Our seasoned students understand this catastrophe and genuinely desire to become equipped to meet the needs of their churches for sacred adornment. The quality work they produced in Maggie Valley is a testament to their talent and sobriety of purpose.

Again, as with the workshop held in the remote setting of St. Tikhon Orthodox Theological Seminary, June 19-25, 2011, the fundamental question of Hexaemeron’s mission is raised.  We have never claimed that the workshop model is capable of graduating iconographers. In fact, we have stated such in all our literature and in our classes. We return from a glorious six days, surrounded by the natural beauty of mountain streams and forests, happy to have reconnected with long-time friends and to have made new ones. Yet again, we are aware that we must find a way to help them become fully literate in the language of iconography in which they have invested themselves to preach the Gospel of Jesus Christ by means of line and color.

Again, we turn to the Holy Trinity and ask for divine direction on how to establish a permanent shelter for the thorough training of iconographers.  Again, we find ourselves evaluating our mission after wandering these last ten years, pitching our tent where we may to spend six days providing lessons that can hardly be apprehended in six years of close apprenticeship with a master teacher like Ksenia Pokrovsky.  In a completely unforeseen way, we have become a  part of the Izograph Society of Iconographers that Ksenia and her fellow pioneers founded in Russia  in the 1980’s when making icons was a crime on par with trafficking in firearms, pornography and narcotics. Under Ksenia’s uncompromising guidance, we are helping to recover icon writing, not as an indigenous art of America, but as an organic link to the ancient tradition of iconography, a rescuing and resurrection of sublime models upon which to base what comes after us in gratitude for what we have received.

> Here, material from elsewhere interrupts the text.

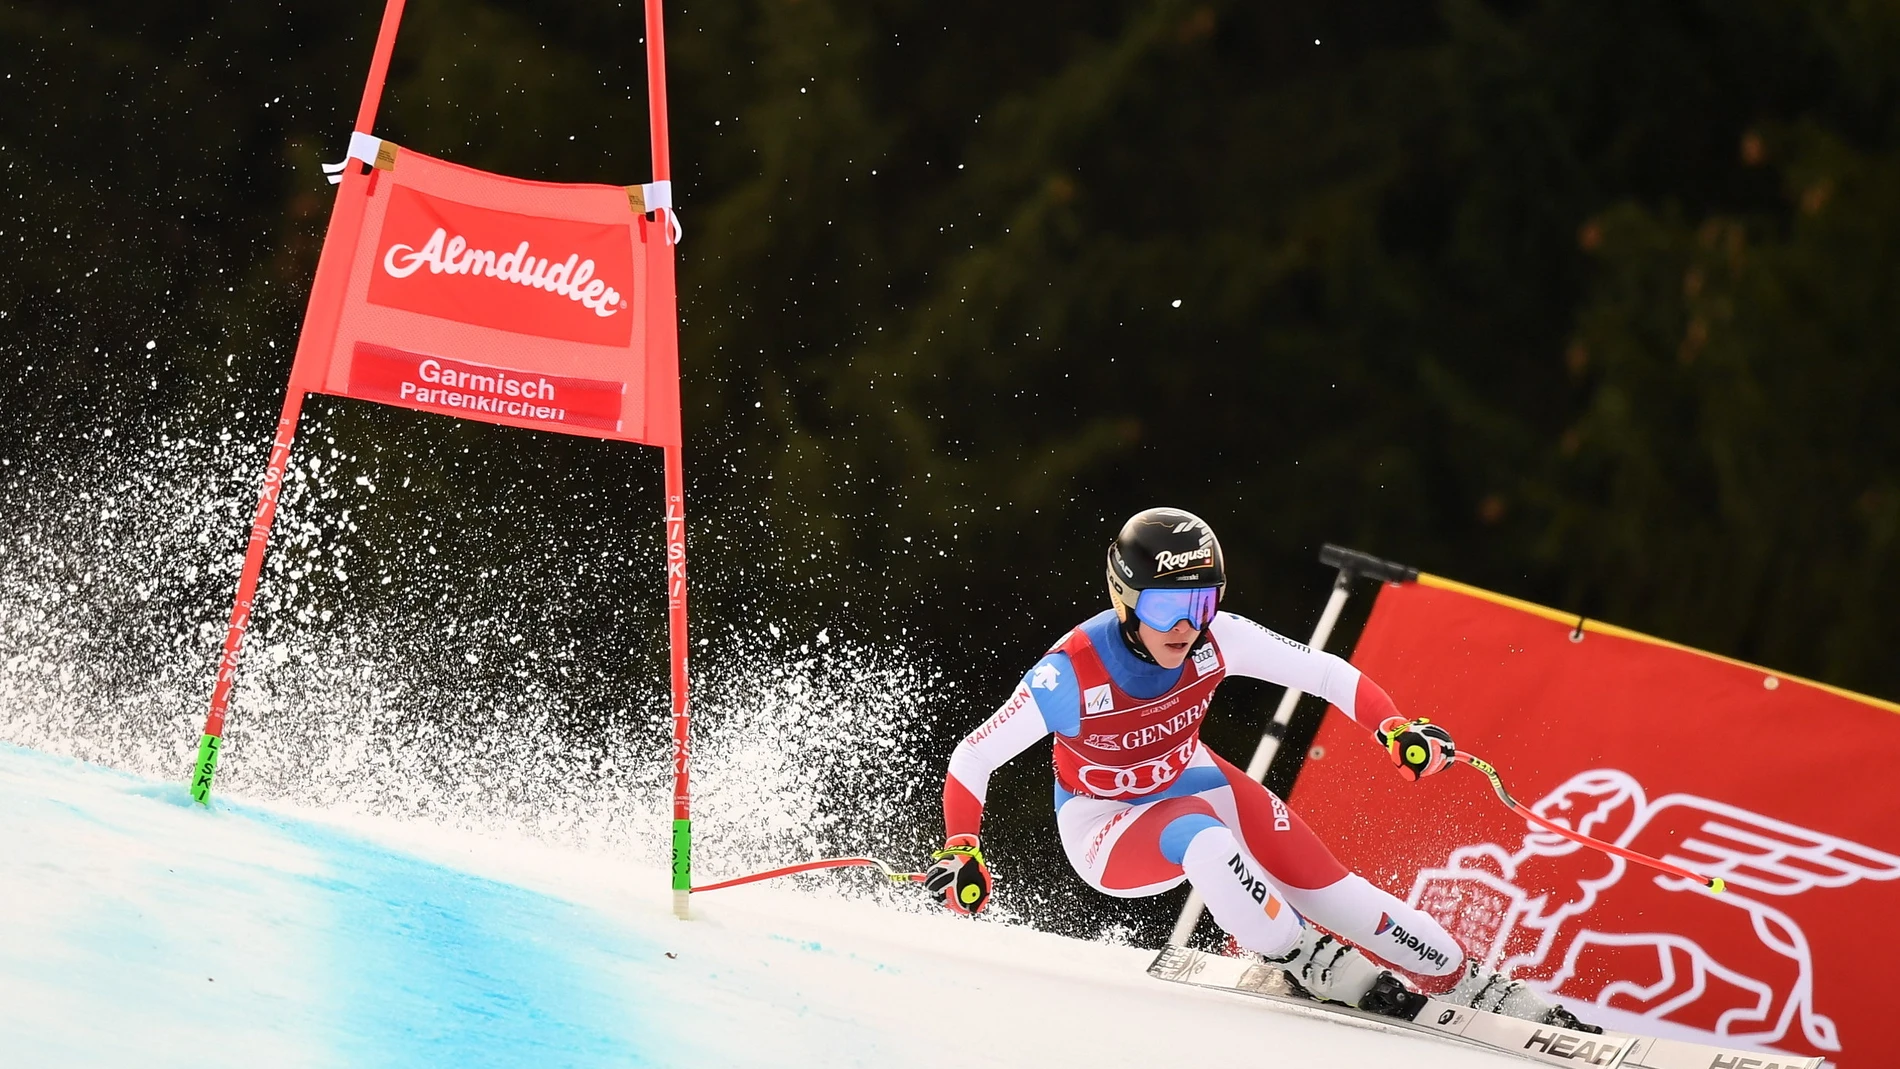 La suiza Lara Gut-Behrami camino de ganar la carrera femenina de Súper G de la Copa del Mundo de Esquí Alpino en Garmisch-Partenkirchen, Alemania, el 30 de enero de 2021. EFE/EPA/Philipp Guelland

On these shores we are pioneering works of beauty for which an aesthetically and spiritually starved culture desperately yearns, though perhaps unaware. Our students’ work reminds us that God provides beautiful things in the wilderness that may someday change the world. Iconography is hard work, but Our Lord’s burden is easy and His yoke is light.

And, as Dostoevsky has famously said, “Beauty shall save the world.”